7. a kind of discovery method of the electricity stealing based on random forest as claimed in claim 5, it is characterized in that, it is described random
The generation specific algorithm step of forest is as follows:
Assuming that the forest scale to be built is k, concentrated in training sample, by Bagging algorithms generate k it is new self-service
Sample set;
Each self-service sample set is used to build a classification tree, then k new classification trees of common property life;
Provided with n feature, then m is randomly selected at each node of every one treetryIt is individual;
Feature mtry≤ n, the information content contained by calculating each feature, according to the minimum principle of node impurity level in mtryIndividual spy
The feature of a most classification capacity is selected to carry out node split in sign;
Each tree grows to greatest extent, until the impurity level of each leaf node reaches minimum, does not do any cutting;
New position sample is predicted according to the multiple CART Tree Classifiers built, the classification results of unknown sample press tree classification
Depending on the ballot of device is how many.

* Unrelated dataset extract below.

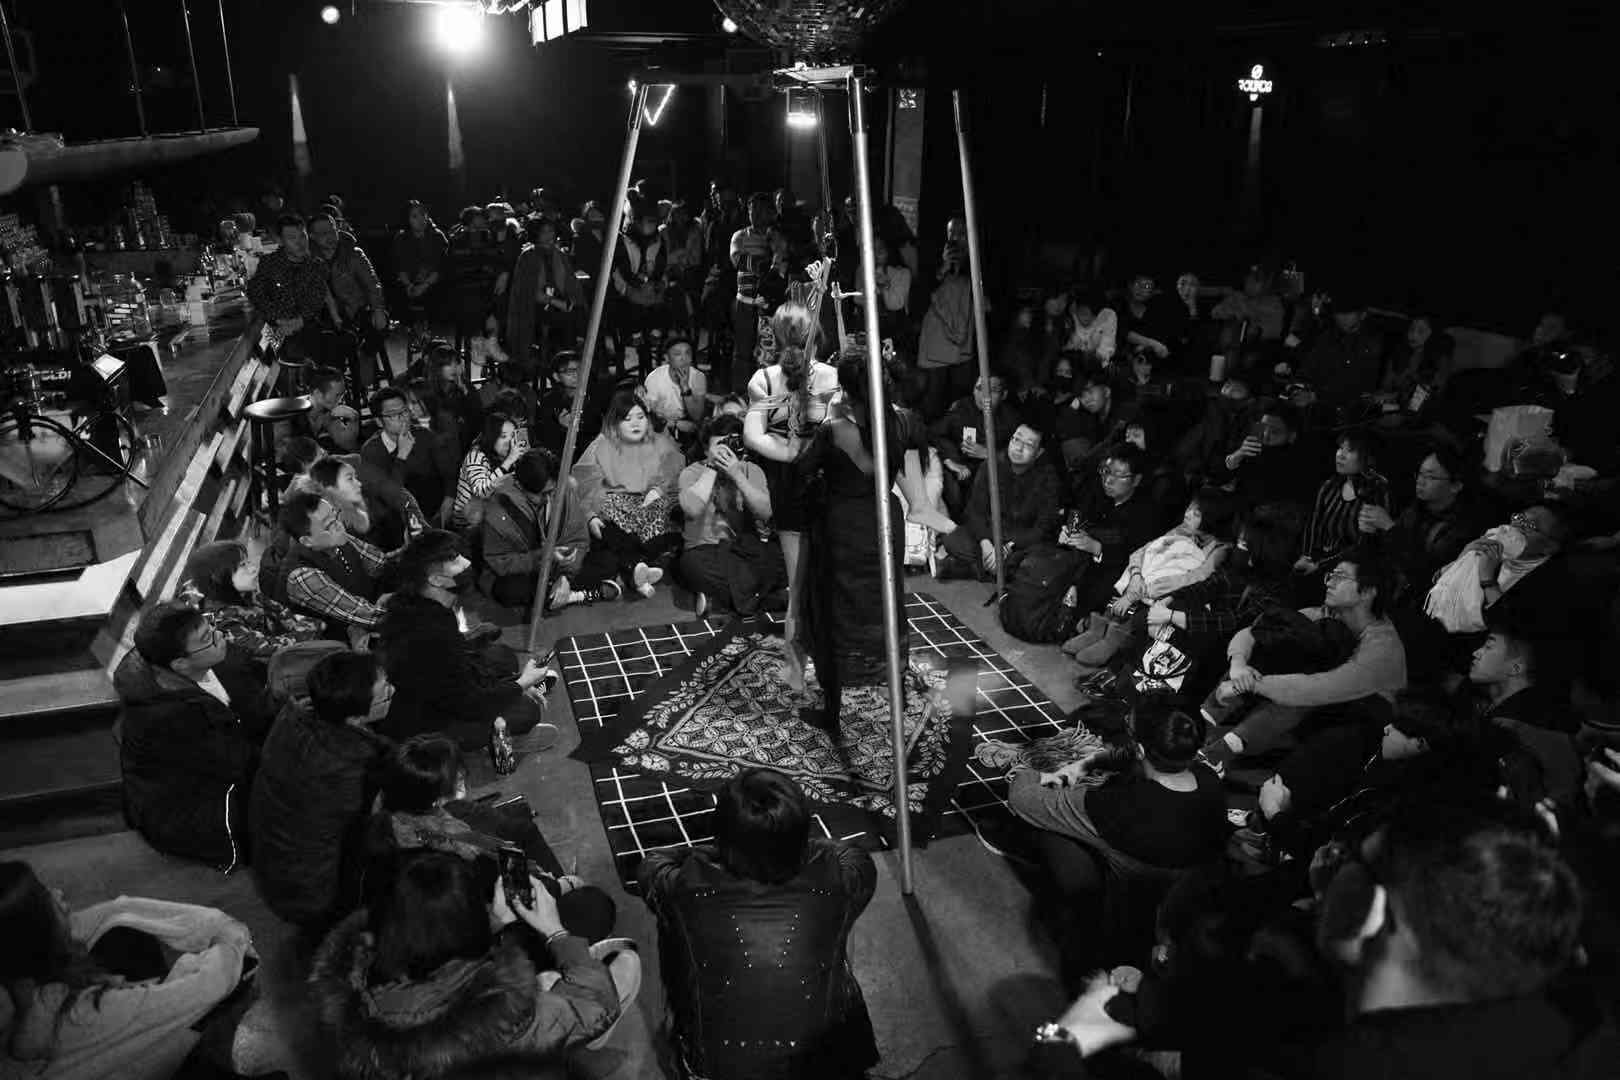 A bondage demonstration in front of an audience in Tianjin.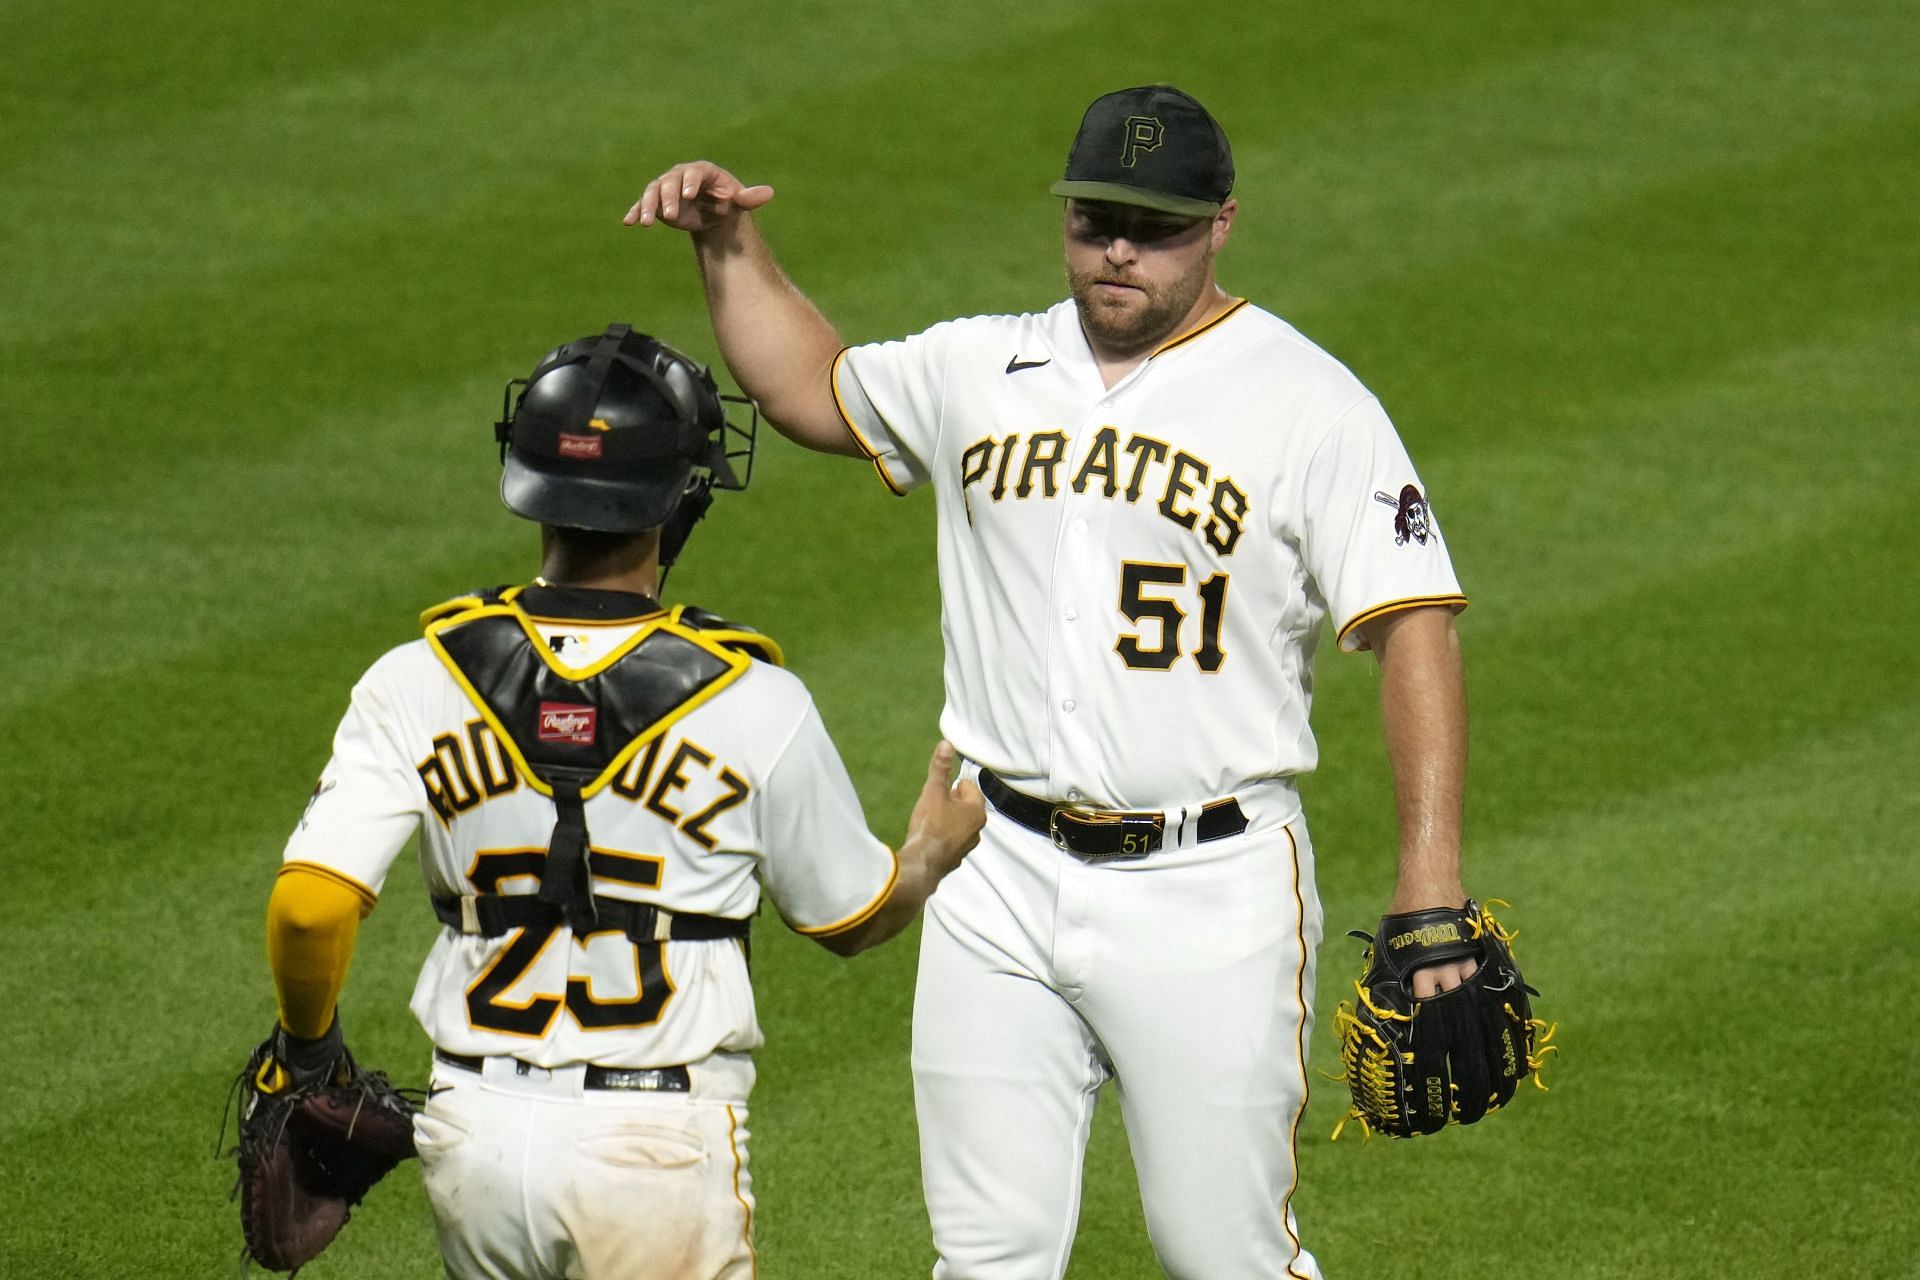 MLB Analysis: Paul Skenes effect proves if you build it, Pirates fans will  come to any ballpark - Bucs Dugout

8. a kind of discovery method of the electricity stealing based on random forest as claimed in claim 7, it is characterized in that, it is described
Bagging algorithms are a kind of Ensemble Learning Algorithms, give some weak learning algorithm and training set sample T={ (x1,y1),(x2,
y2),......(xn,yn), the extraction sample put back to is carried out to it, generates a number in each fundamental classifier afterwards
Training subset identical with original training set in amount but different, different basic classification device can be trained afterwards.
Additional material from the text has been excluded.